# MATERIAL PROVIDED
------------------------

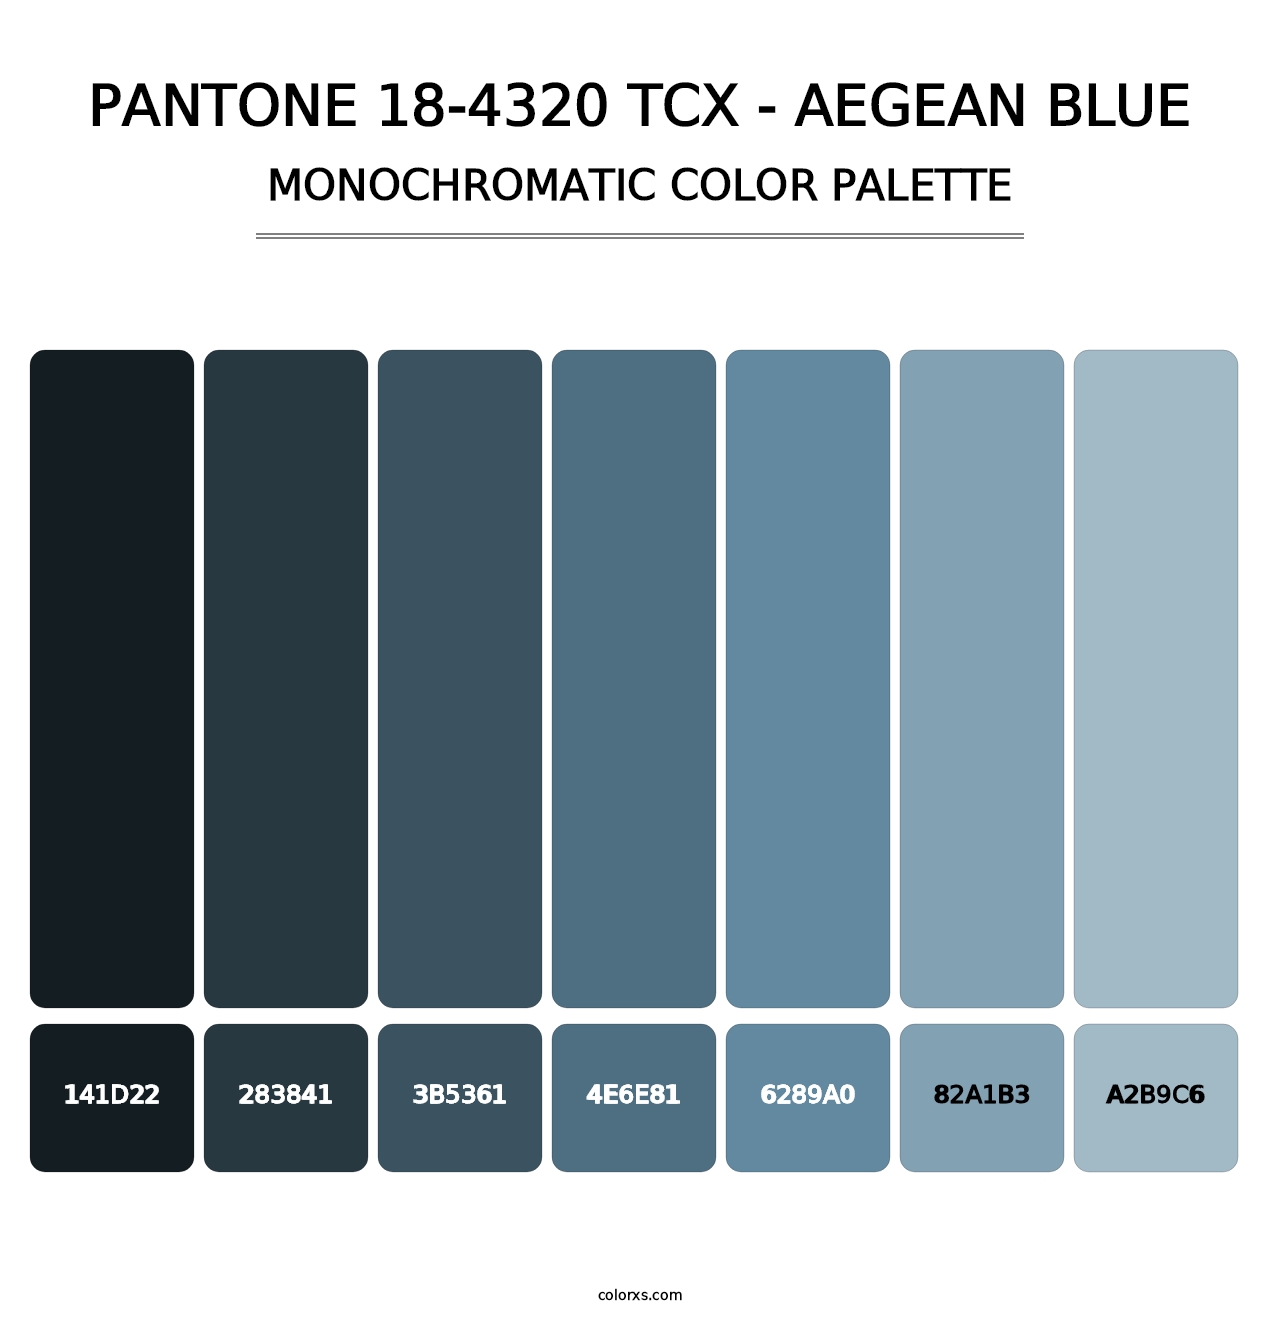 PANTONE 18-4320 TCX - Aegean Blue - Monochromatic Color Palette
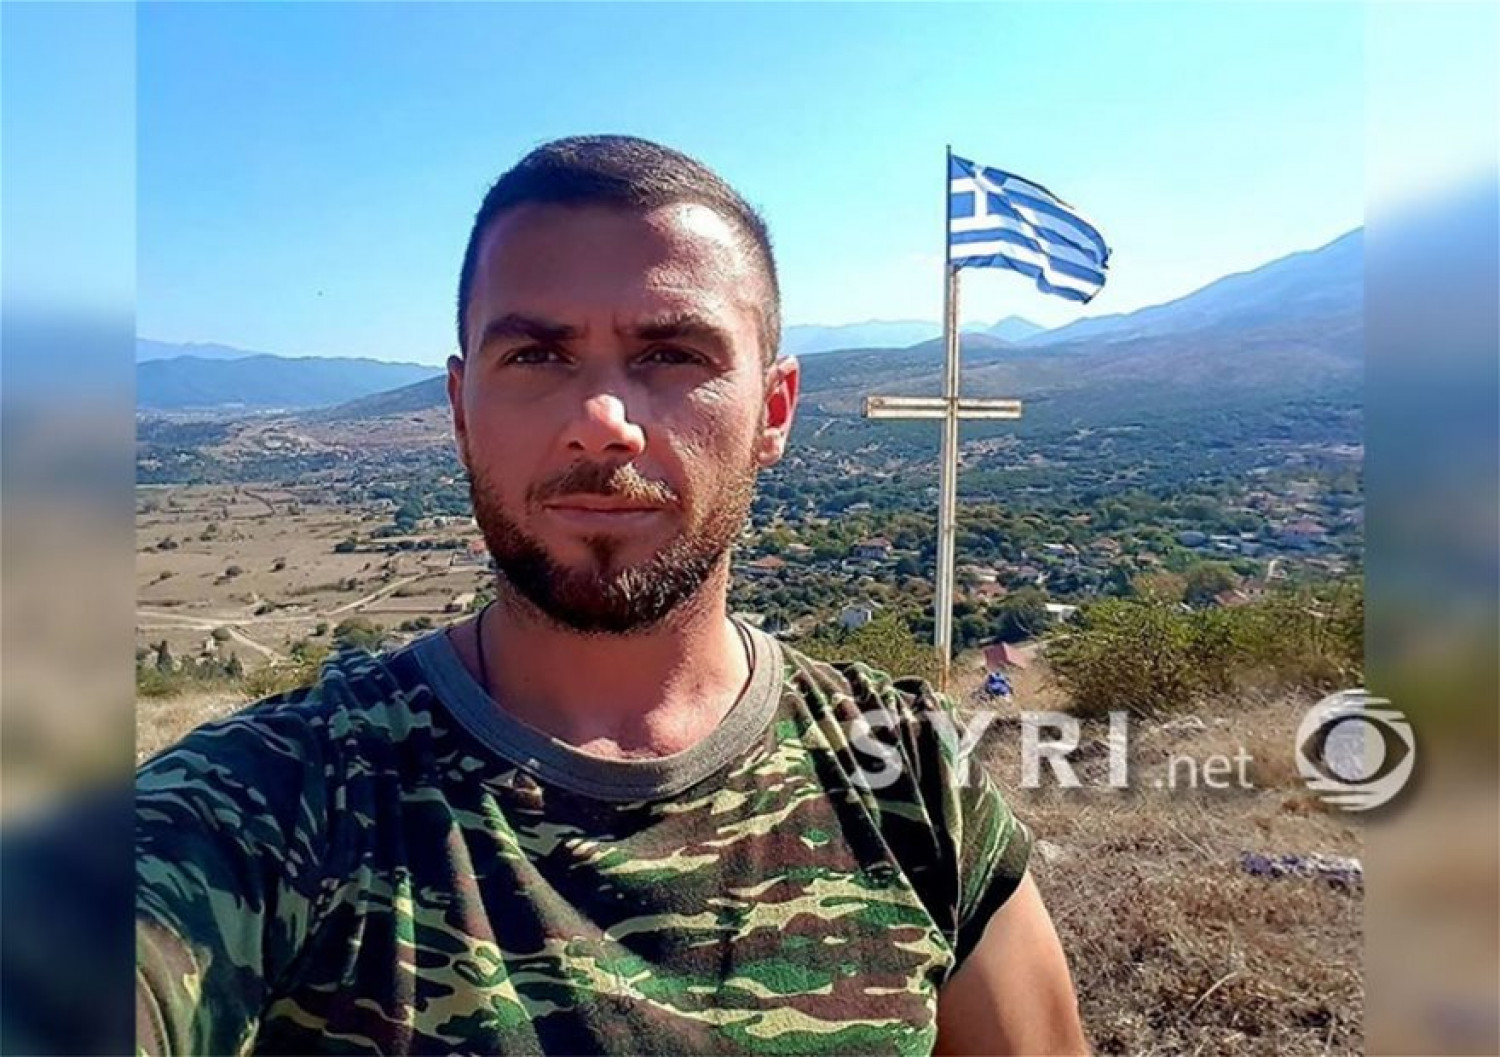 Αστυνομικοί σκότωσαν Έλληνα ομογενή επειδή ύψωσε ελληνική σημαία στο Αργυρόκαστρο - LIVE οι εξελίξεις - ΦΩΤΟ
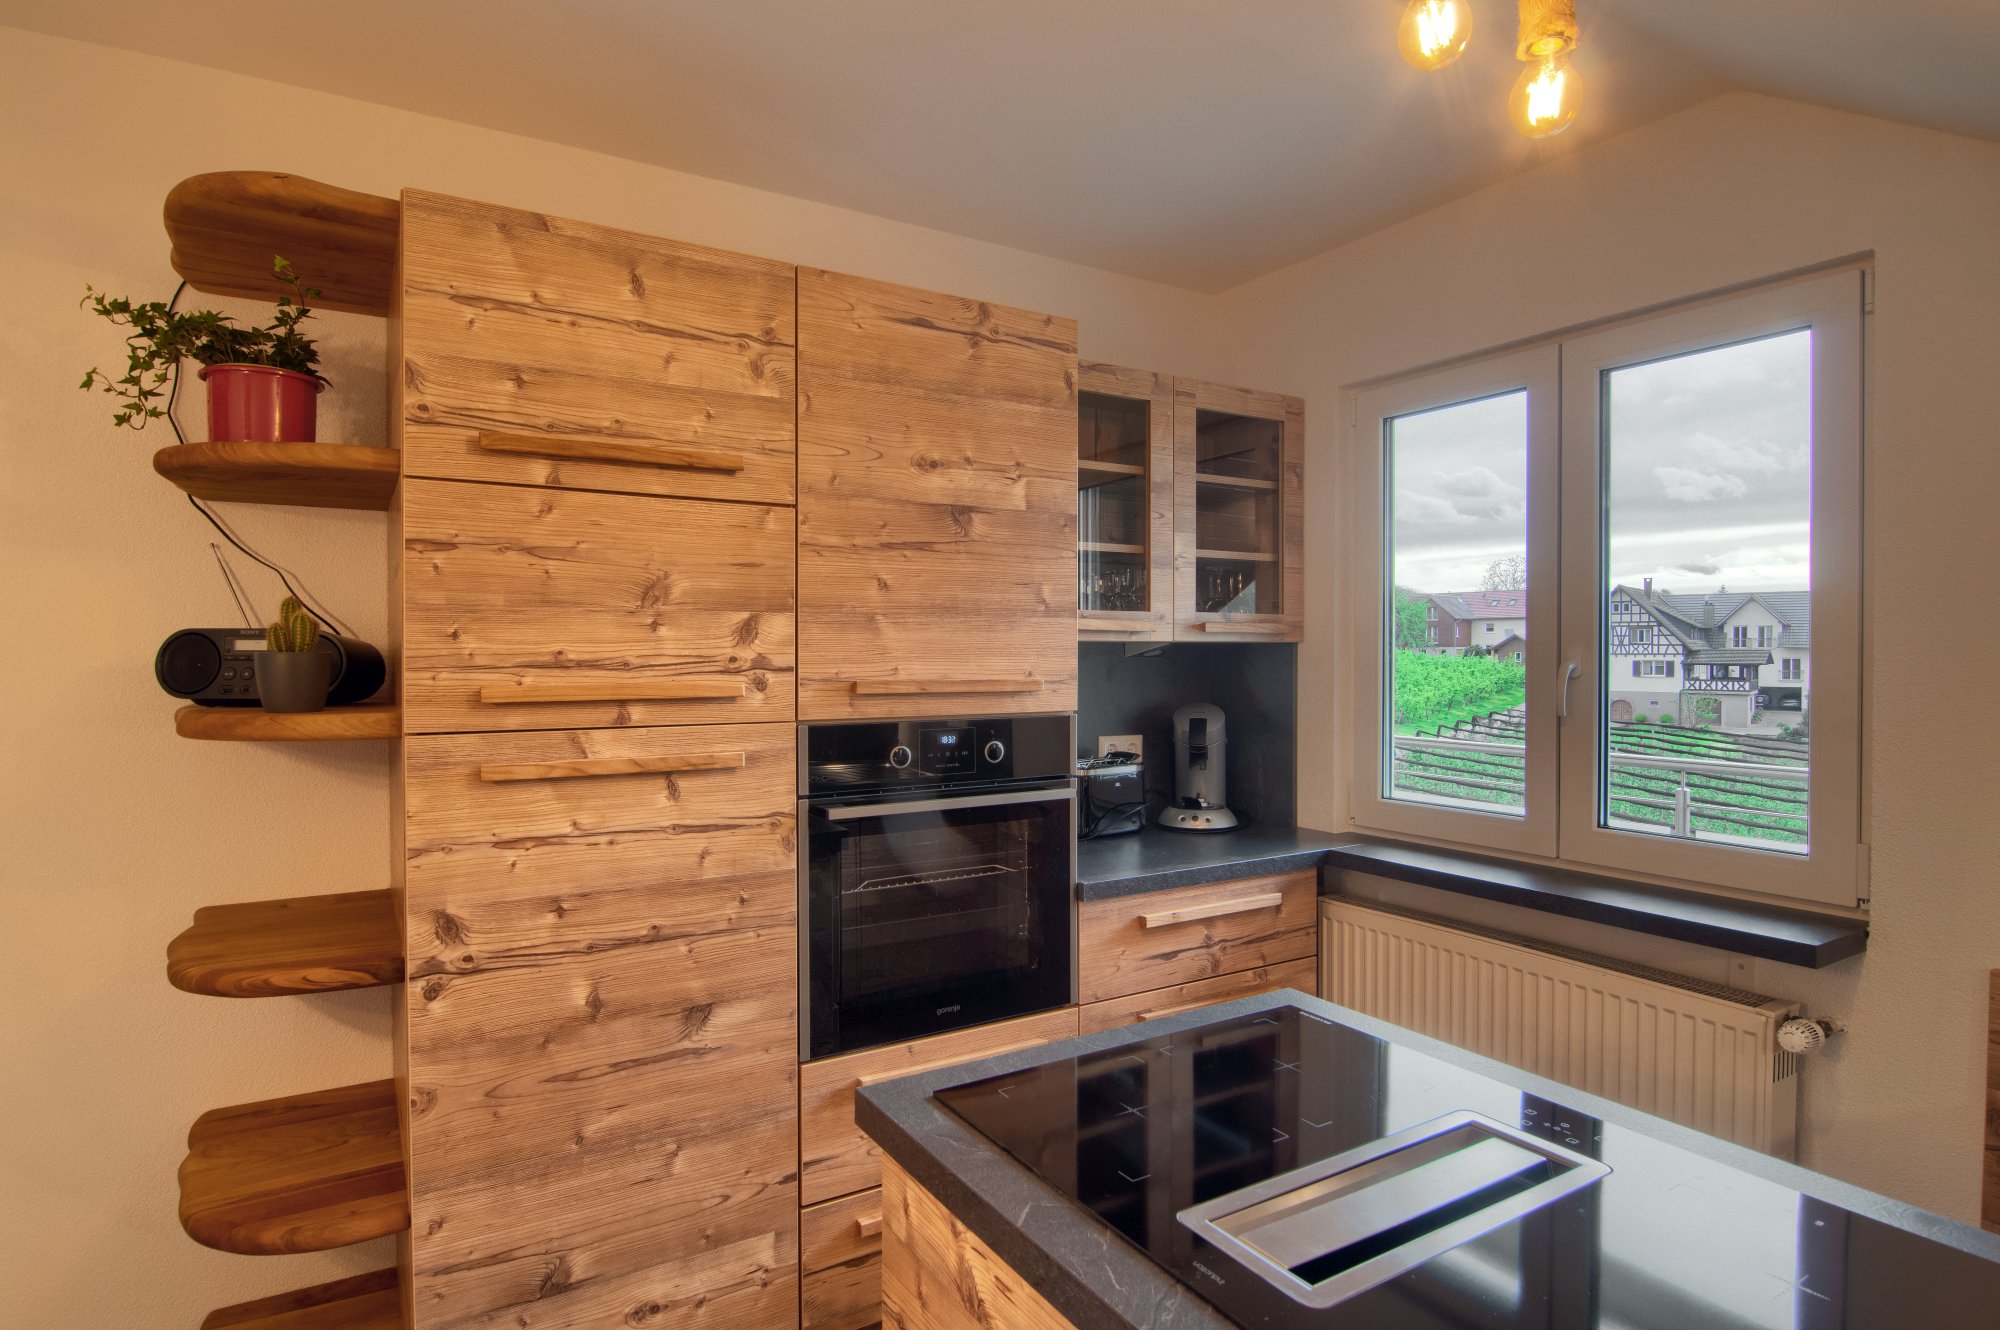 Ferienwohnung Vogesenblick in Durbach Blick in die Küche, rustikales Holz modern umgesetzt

------------------------

# EXERCISE DIRECTIONS
Only the pictures are to be left out; print everything else in the listing exactly.

# ANSWER SECTION
 PANTONE 18-4320 TCX - Aegean Blue - Monochromatic Color Palette
 Αστυνομικοί σκότωσαν Έλληνα ομογενή επειδή ύψωσε ελληνική σημαία στο Αργυρόκαστρο - LIVE οι εξελίξεις - ΦΩΤΟ
 Ferienwohnung Vogesenblick in Durbach Blick in die Küche, rustikales Holz modern umgesetzt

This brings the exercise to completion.